Post # 1
So I had 85 guests RSVP. My venue always has 5% more chairs than guests just in case which is nice. My grandma was telling me that you always tell the venue a few guests less than RSVP’d because there are always a few that don’t show up. My concern with my venue is, the final number of guests must be given 24 hrs before. If you tell them a different number in less than that or more guests show up to the wedding, there will be a $350 charge. So bees, my question to you is, do I tell me venue 85 guests, do I tell them less than that? Or do I tell them more than that to be safe? Money is very tight and we did the RSVPS as “we have reserved 1 seat for you. 1 of 1 will attend” but you never know if someone will try and bring someone. What should I do?
Post # 3
I’d tell them the exact number. You did include you guys and the wedding party as well, correct?
Post # 4
Tell them 85 for now, as long as your final guarantee isn’t due until 24 hours prior. If you have a few drop out between now and then, let your venue know.
Do not tell them more or less, and if for some reason a guest brings an extra person – the venue staff will make them a seat somewhere and you’ll be charged (if they’re paying attention) for one additional person + that weird fee. I’ve never seen such a high additional charge before.

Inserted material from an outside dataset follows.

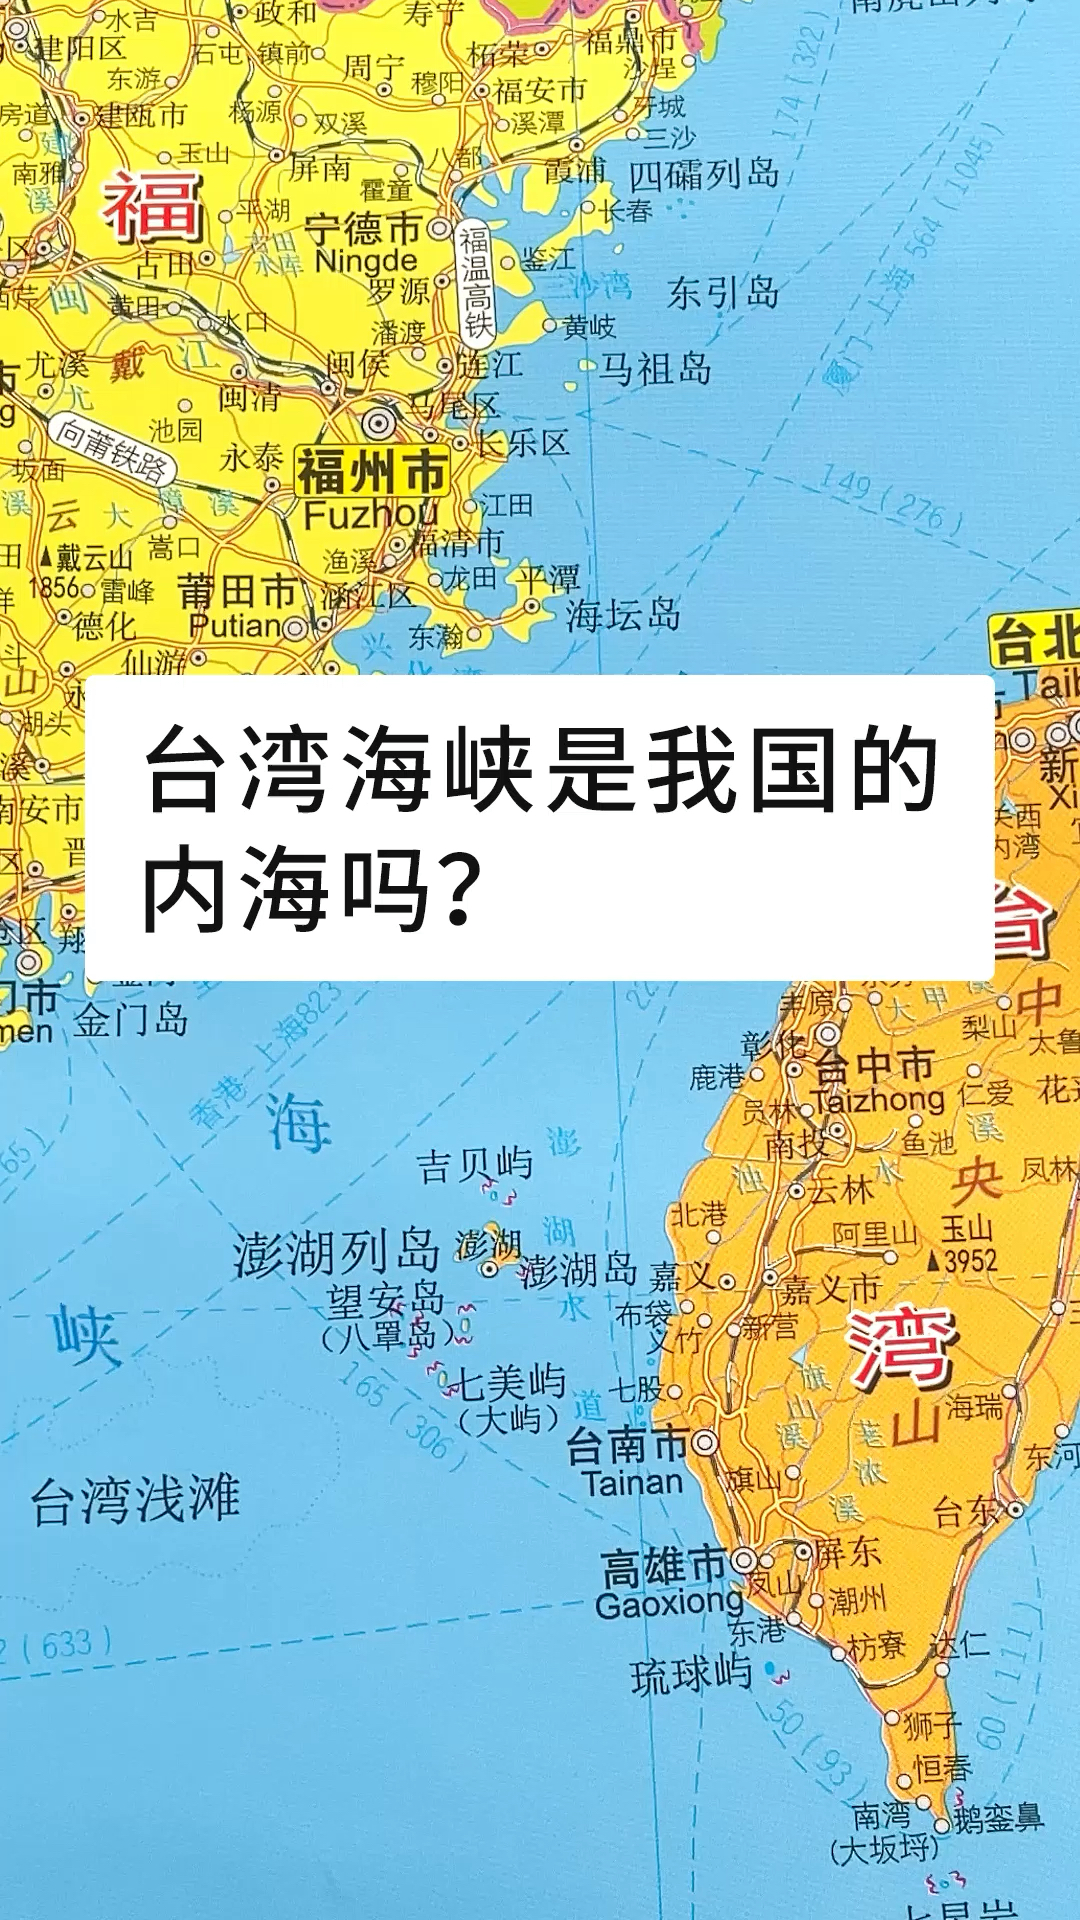 地理知识台湾海峡是我国的内海吗

Honestly, I’ve coordinated around 500 or more weddings and I can only think of a couple where we had to add a chair in for someone… and often times we didn’t charge for that extra person jsut because it never made it onto paperwork and by the end of the evening when running billing, it was forgotten.
Post # 5
@missyjane77: Yep 🙂 My only concern is if someone brings an unacocunted guest ot the wedding. That will be a $350 charge but my FI is strict and says, ” then we will tell them to leave as we do not have a seat for them”.
Post # 6
Post # 7
I’d say 85, they will prob let an extra guest slip.
Post # 8
@Tswife4ever: I definitely wouldn’t kick that person out of the reception. I can’t imagine doing that to someone close to me who is important enough to be at my wedding. That would likely end up with at least one angry person leaving with that guest.
Post # 9
Honestly, I agree with your fiance. You told them how many seats are reserved for them, they have no excuse. Put it on your website to double enforce that you would like to spend your wedding day with only your closest friends and family so please stick to the number they RSVP’d with. I don’t think its unfair to tell someone they may not stay if they are unaccounted for.